__Work request__: Please return the listing exactly as it stands, skipping any pictures.
== Data provided
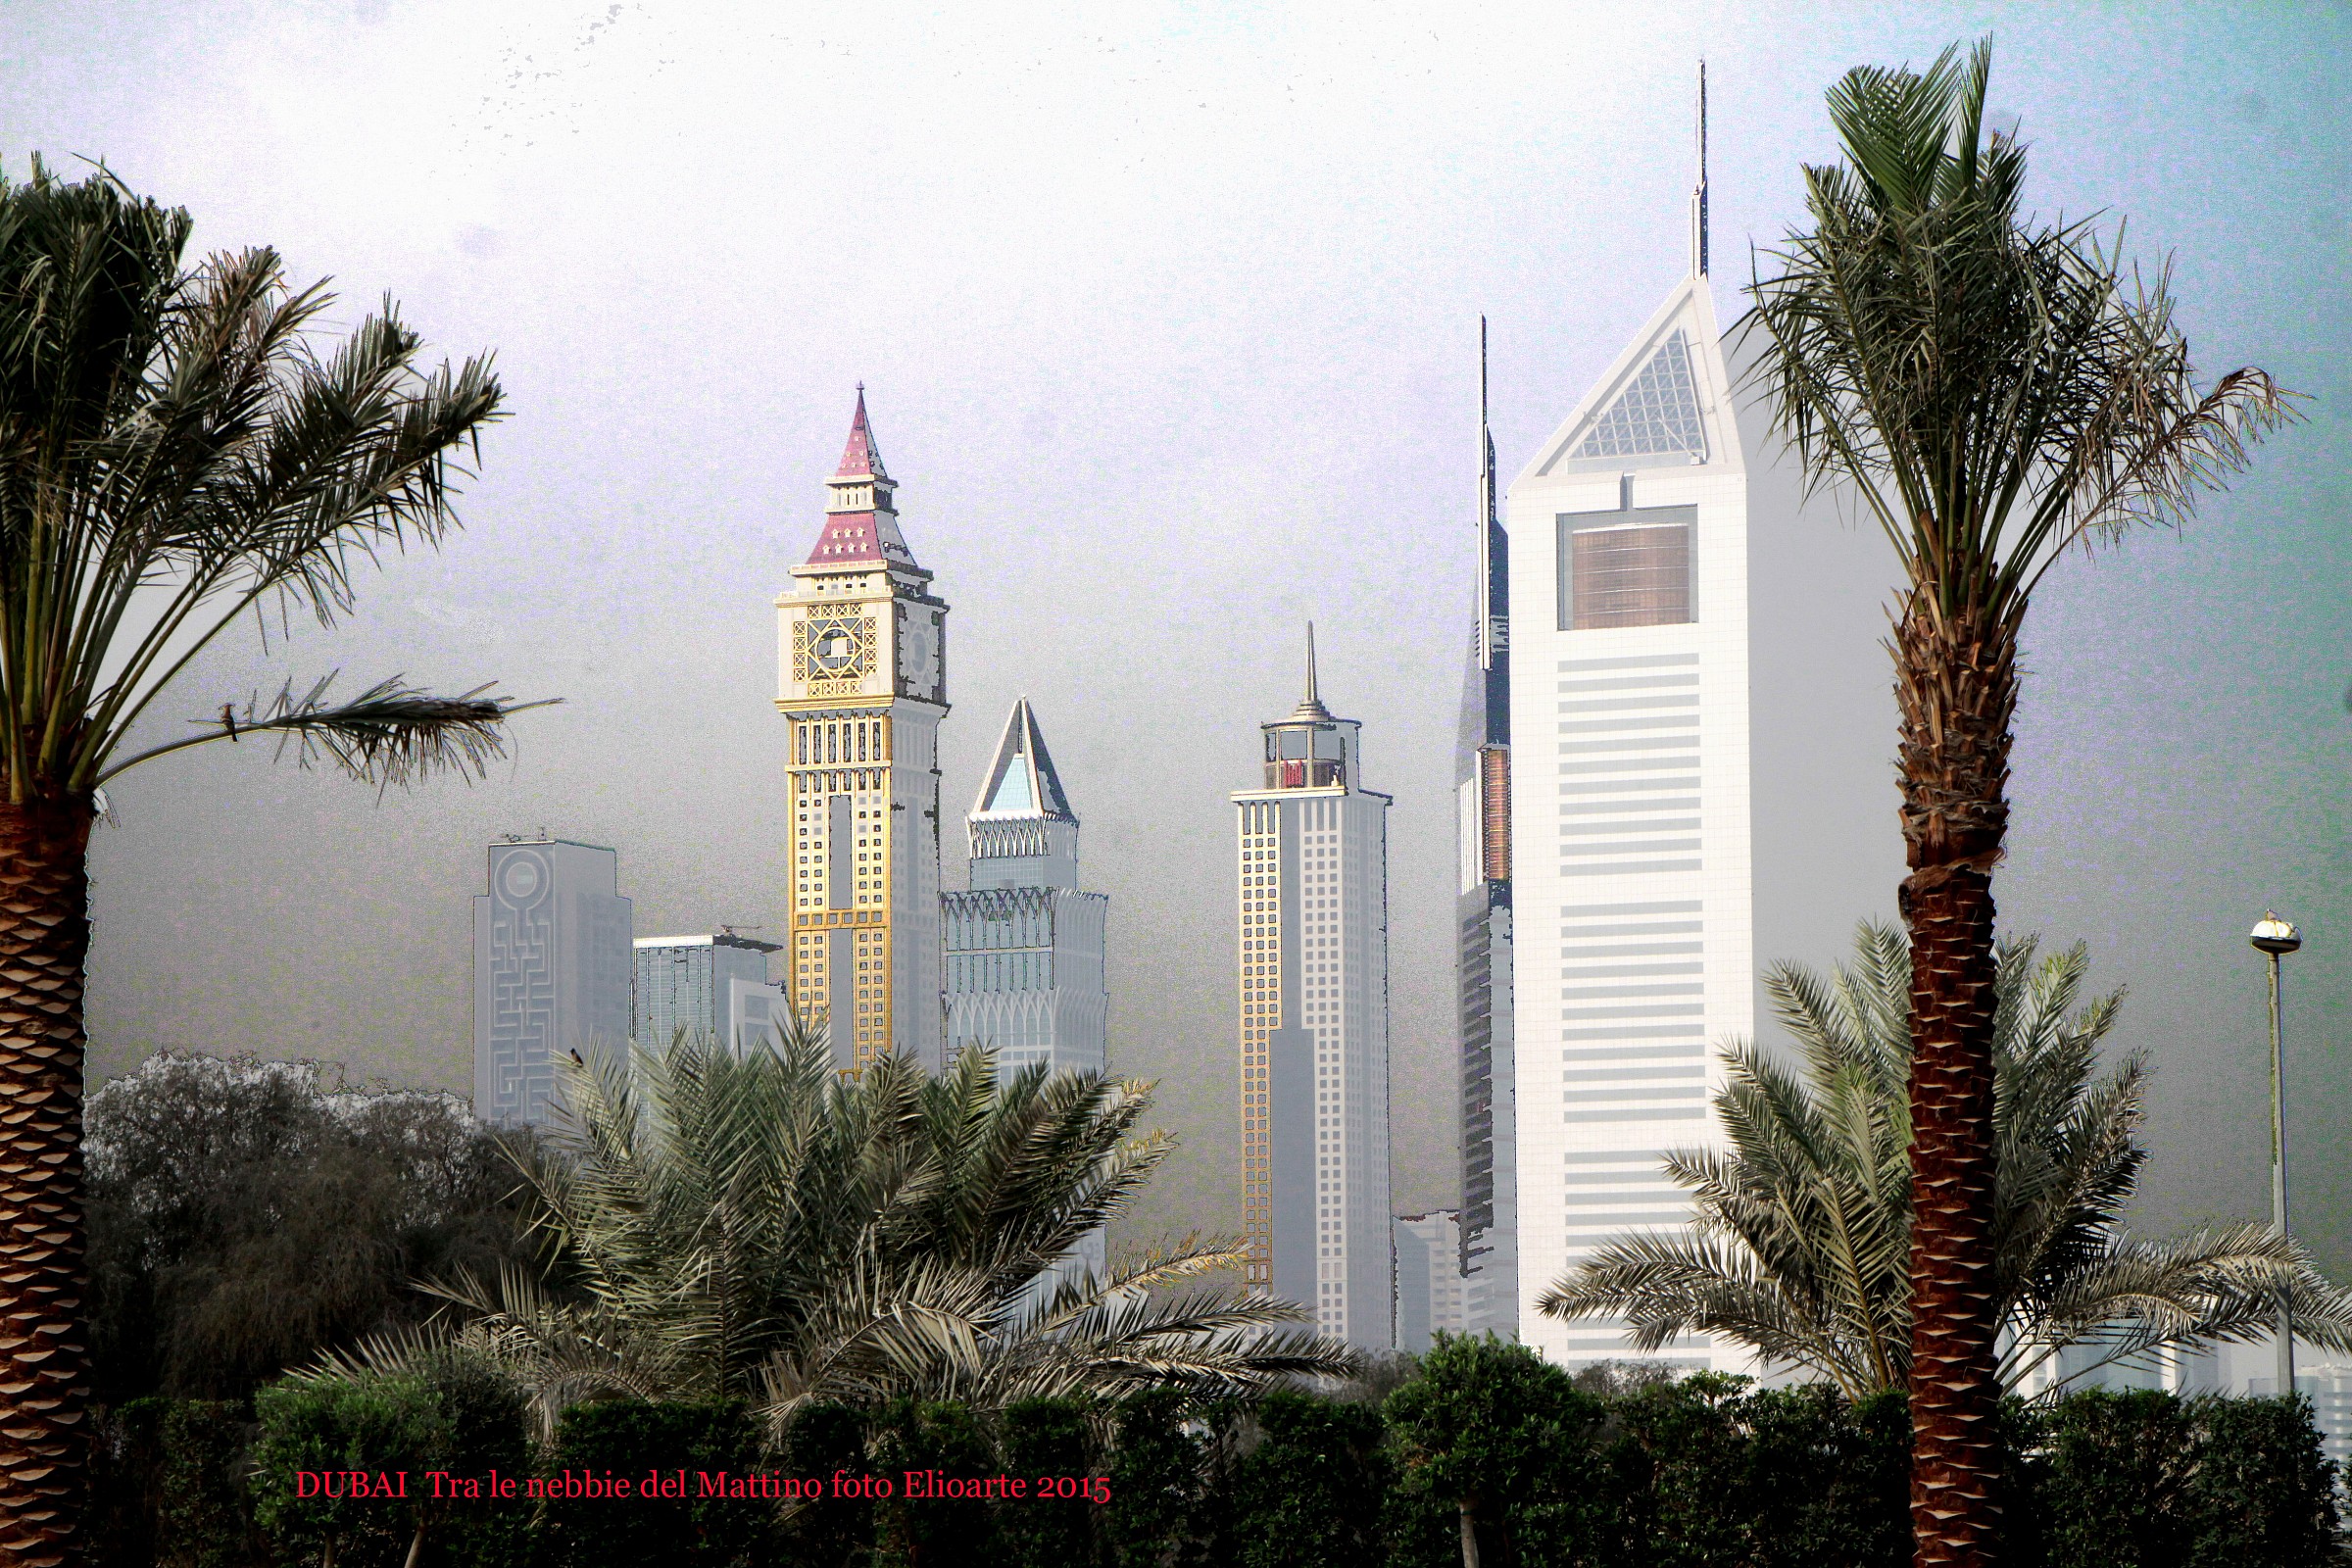 Through the mists of the morning in Dubai...
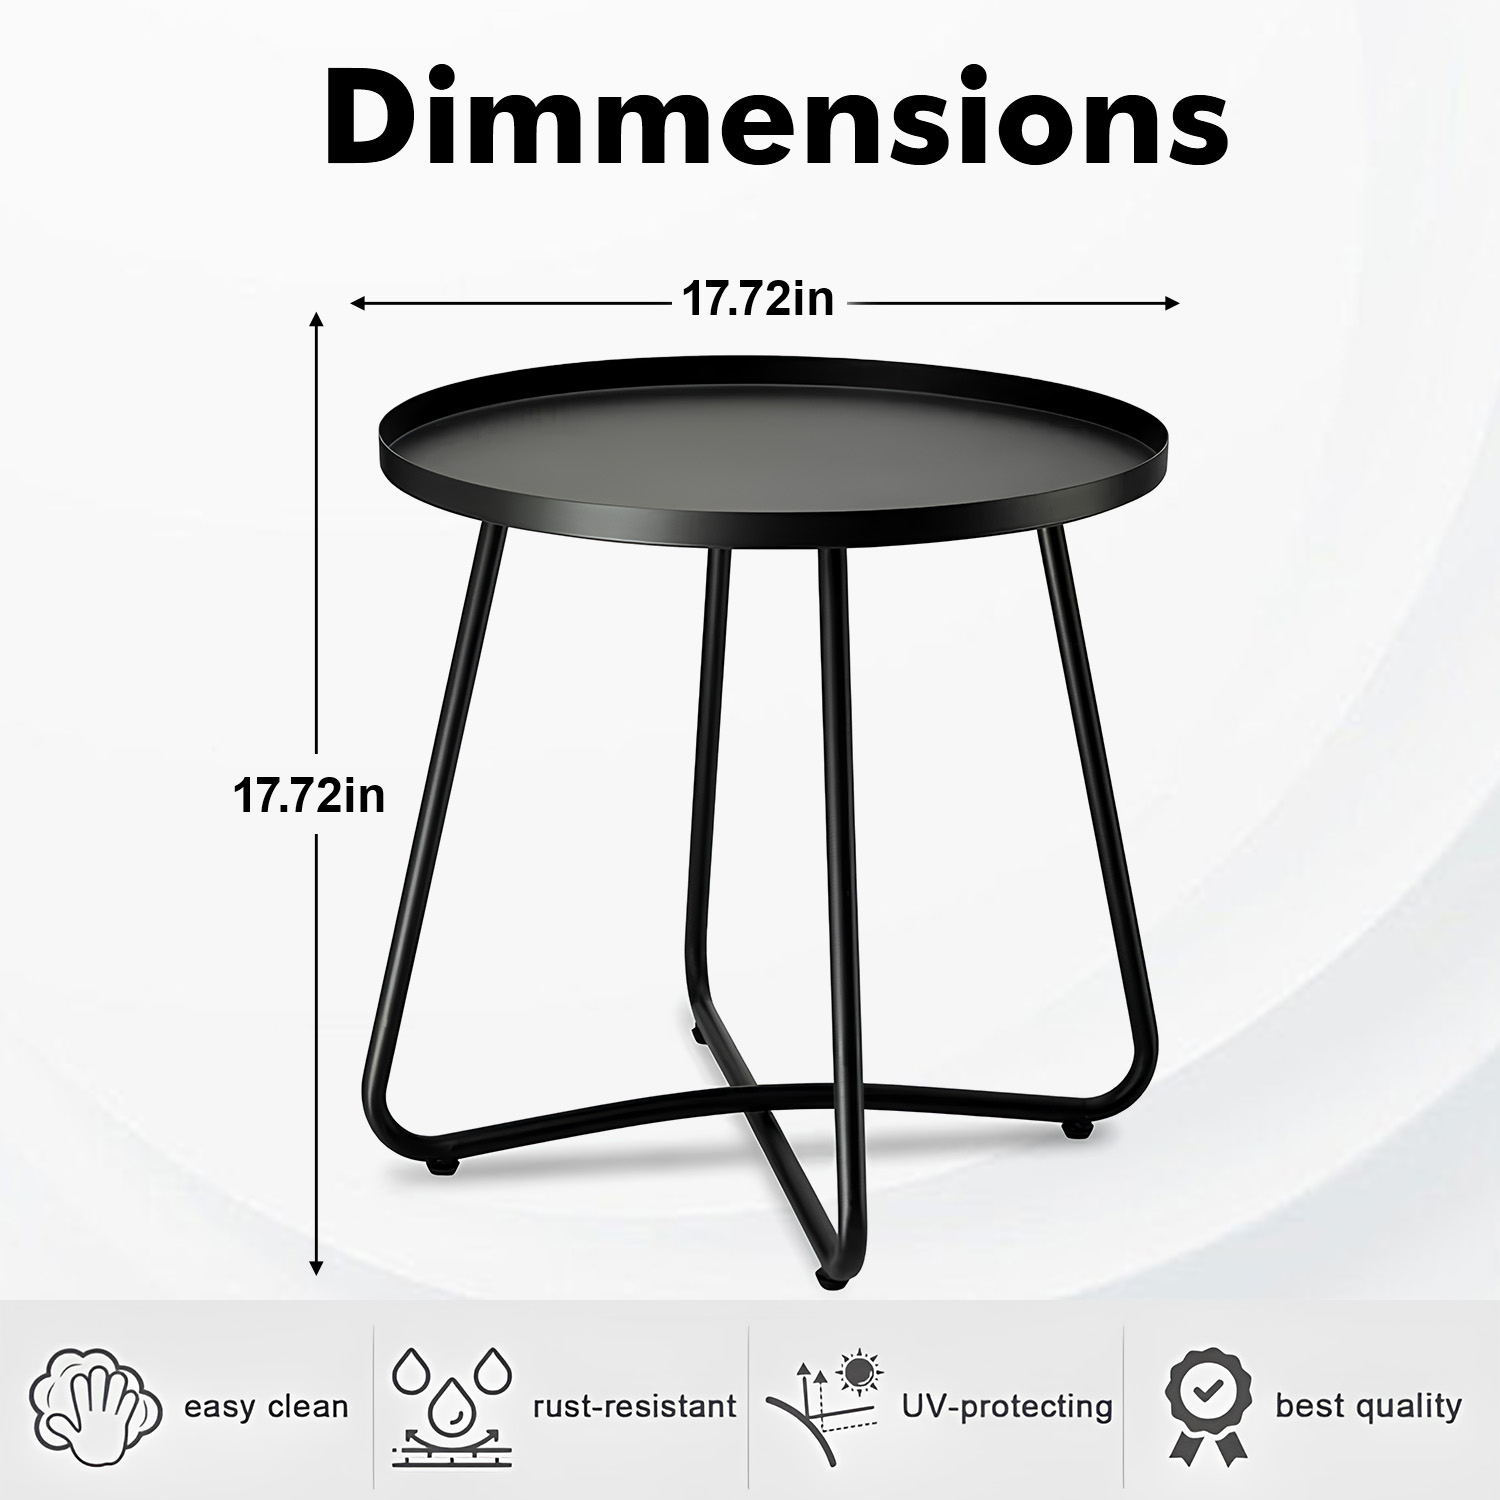 danpinera Outdoor Side Table, Small Round End Table with Weather Resistant Steel for Patio,Yard,Balcony,Garden - Black - image 2 of 9
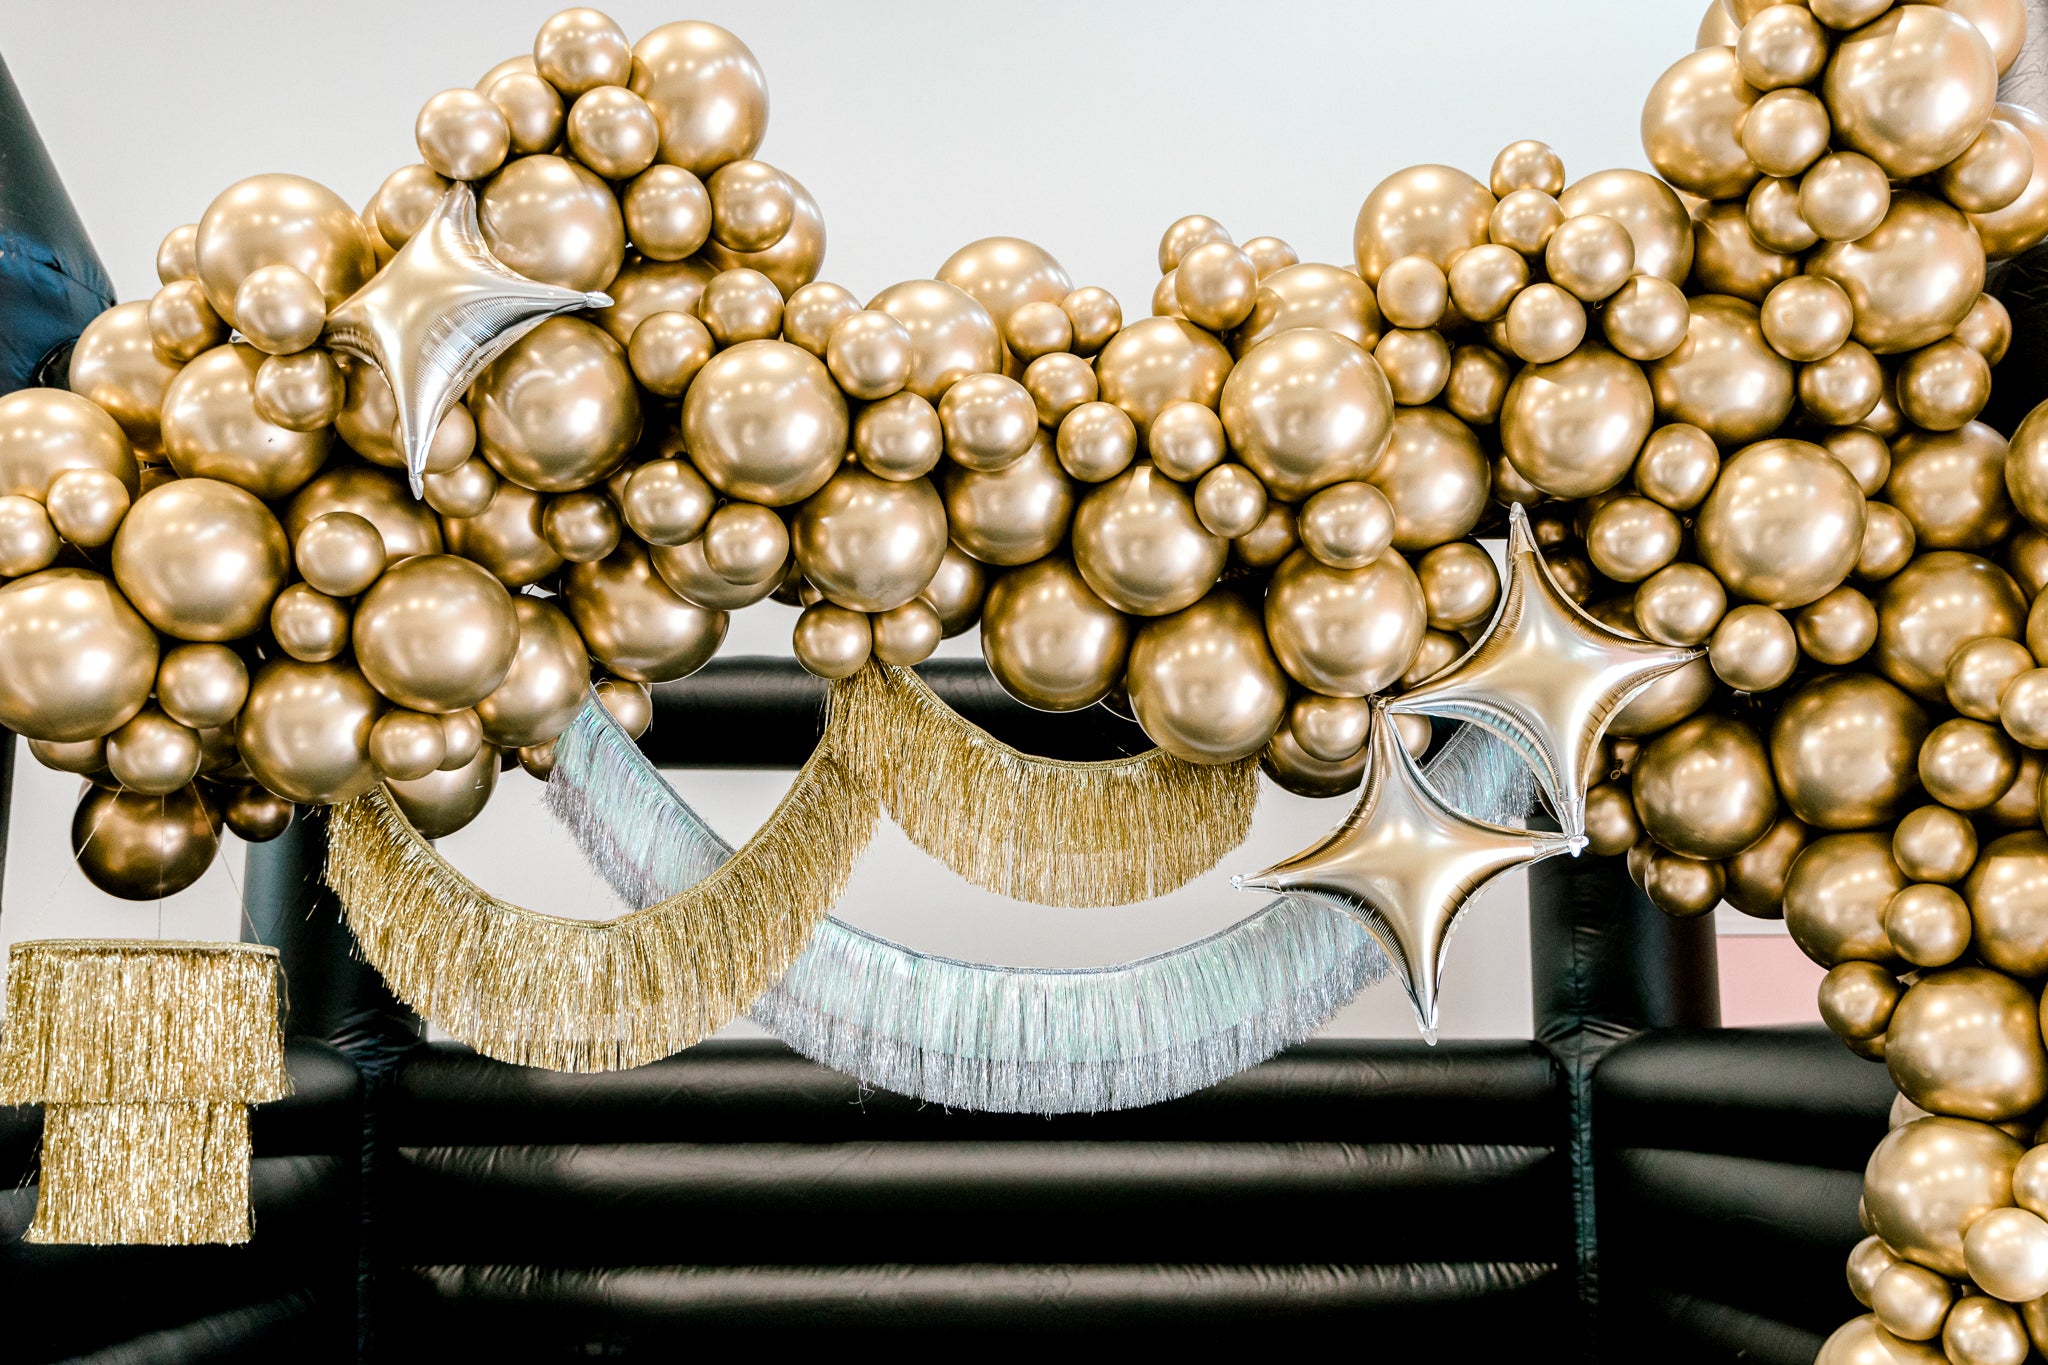 Silver and gold balloon garland on a bounce house for a fun New Years Eve party
====
__Completed exercise__:
 Through the mists of the morning in Dubai...
 danpinera Outdoor Side Table, Small Round End Table with Weather Resistant Steel for Patio,Yard,Balcony,Garden - Black - image 2 of 9
 Silver and gold balloon garland on a bounce house for a fun New Years Eve party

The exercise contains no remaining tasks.